Q&A: Working towards 5G
Prof. Chenhao Qi of Southeast University, China, and Columbia University in the US, researches wireless communications technologies and sparse signal processing. Here, he talks about the significance of his paper 'Uplink channel estimation for massive MIMO systems exploring joint channel sparsity'.
Tell us about your field of research
My research area lies in multi-antenna wireless communications and sparse signal processing. Typically, base stations (BSs) are equipped with several antennas and each mobile user is served by a single antenna, which makes up a multi-user multi-input multi-output (MU-MIMO) system. The signal processing for both the BS and the users in such a MU-MIMO system is crucially important. We find that by exploring the spar-sity of wireless signals, the efficiency of signal processing can be improved and the complexity can be reuced. We started our work on sparse signal processing for multi-antenna wireless communications in 2008, when compressed sensing (CS) technology was proposed and drew great attention in the signal processing community.
Why are you interested in sparse wireless communication?
The popularisation of wireless mobile devices raises demand for high data rate of wireless communications. Nowadays, we use mobile phones and networks that support 4G, such as the time-division duplex (TDD) long term evolution (LTE) or frequency-division duplex (FDD) LTE. However, the data requirement is still unsatisfied due to the rapid development of audio and video services. So what will be the features of 5G? Undoubtedly, the MU-MIMO technology will still be the basis. The METIS, which is the EU flagship 5G project, shows that massive MIMO will be a key technology, where the BS will be equipped with orders of magnitude more antennas that can be even more than the number of served users. Our work will be applied to massive MIMO and therefore the 5G systems.
What have you reported in your Letter?
It is shown in the existing literature that as the number of BS antennas grows to infinity, the additive noise and Rayleigh fading effect will be negligible, leading to very high spectral efficiency and energy efficiency. In such a massive MIMO system working in TDD mode, however, the bottleneck of the performance is the inter-cell interference (ICI) caused by pilot contamination. To mitigate the pilot contamination, one potential choice is to reduce the number of pilots used for the uplink channel estimation. Our research shows that by exploring the joint sparsity of the uplink channel, the pilot overhead can be substantially reduced. We propose a block sparse model where the block coherence is analysed. We also present an algorithm for the model so that a solution can be obtained quickly.
And what is the significance of what you have presented?
With the proposed block sparse model, we can jointly estimate different uplink channels at the BS. Compared to the current method, where the BS makes individual channel estimations for each uplink channel, the joint spare channel estimation can significantly reduce the pilot overhead, supposing that the latter achieves the same channel estimation performance as the former.
How is your group continuing to develop this technology?
We will be working on the sparse signal processing to explore the inherent sparsity of wireless systems, aiming to reduce the complexity as well as to save the temporal and frequency resource. Particularly, we will keep our focus on the design of efficient channel estimation methods to acquire channel state information (CSI) for both TDD and FDD systems. We will study the sparse channel estimation and the pilot optimisation.

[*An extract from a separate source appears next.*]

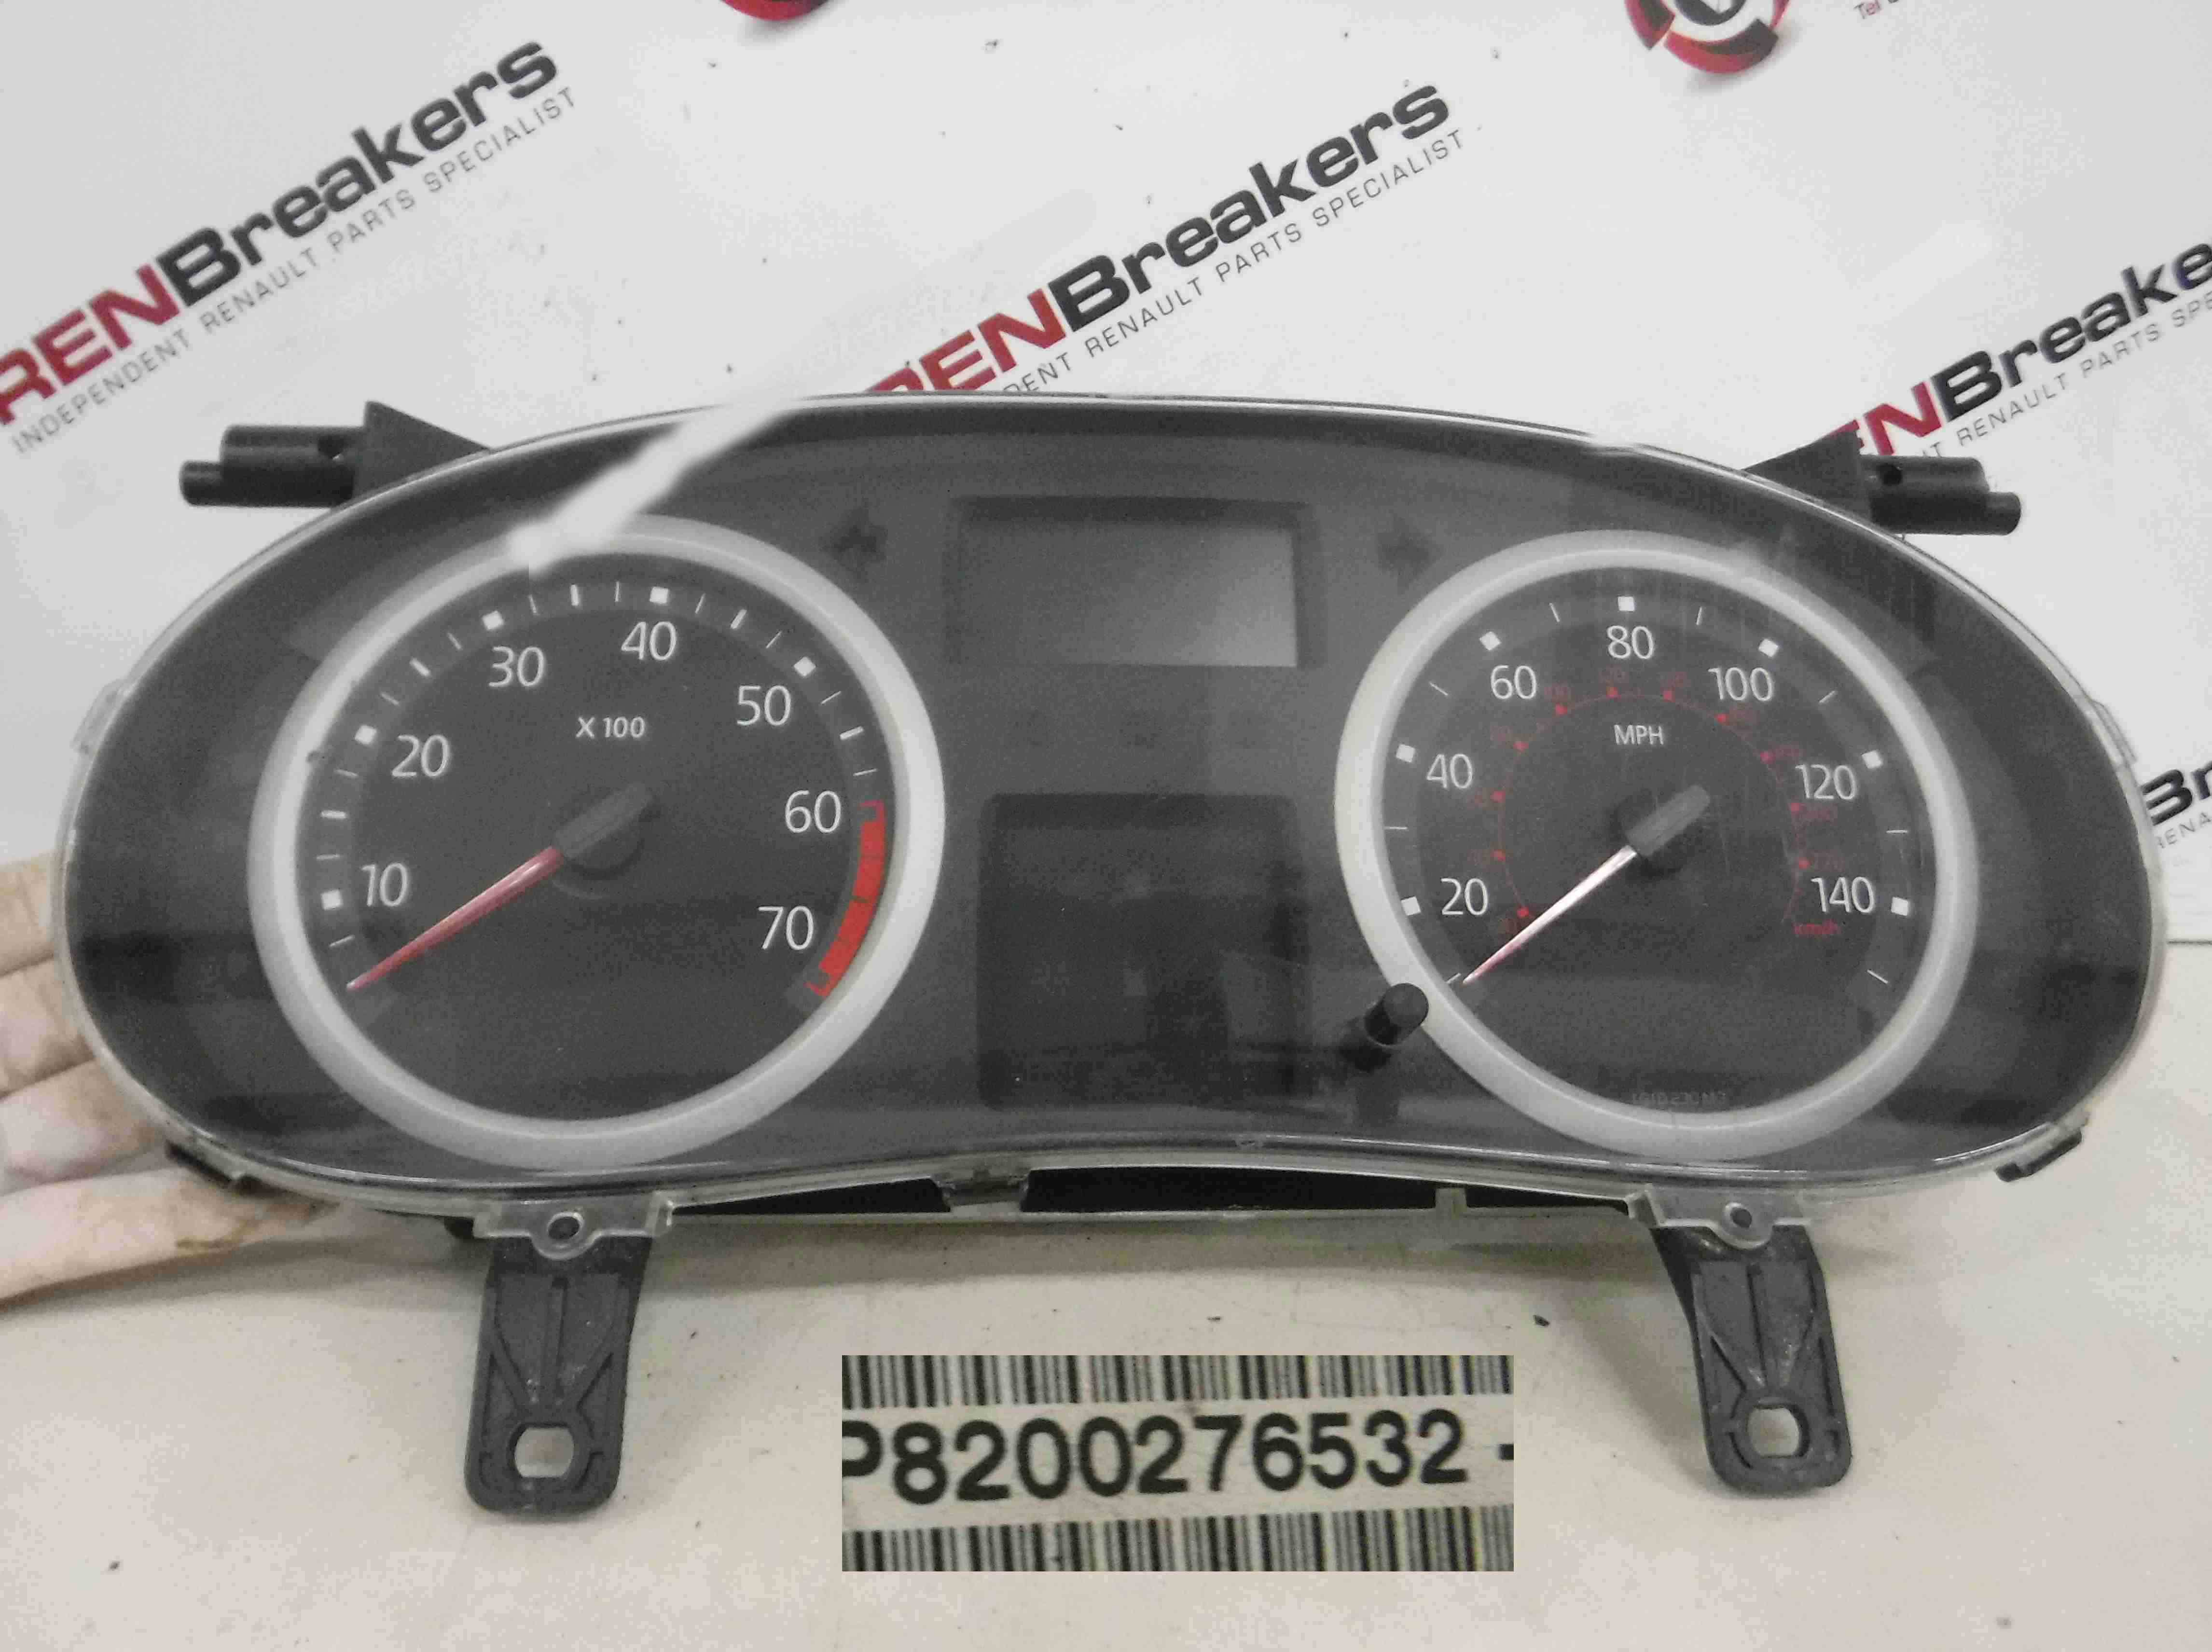 Renault Clio MK2 2001-2006 Instrument Panel Dials Gauges Clocks 133K 8200276532

What challenges do you expect from this field in the future?
One of the challenges is how to efficiently acquire the CSI of wireless channels so that the optimal or near-optimal beamforming can be achieved. Currently, there are two different modes that massive MIMO systems can work in, including TDD mode and FDD mode. In TDD mode, the downlink CSI can be obtained by uplink channel estimation based on the channel reciprocity. The challenge essentially comes from the ICI caused by the pilot contamination, which is discussed in our paper. In FDD mode, the downlink CSI is first obtained by the users and then fed back to the BS. Therefore the challenge in this mode is the computational complexity of channel estimation and the pilot overhead that grows linearly with the number of channels to be estimated. In massive MIMO systems, the number of wireless links and channels is very large, leading to the proliferation of pilot overhead and thus the reduced resource for data. Also, considering that the mobile users usually use power constrained devices, reducing the complexity of channel estimation for so many wireless links will be a challenging issue.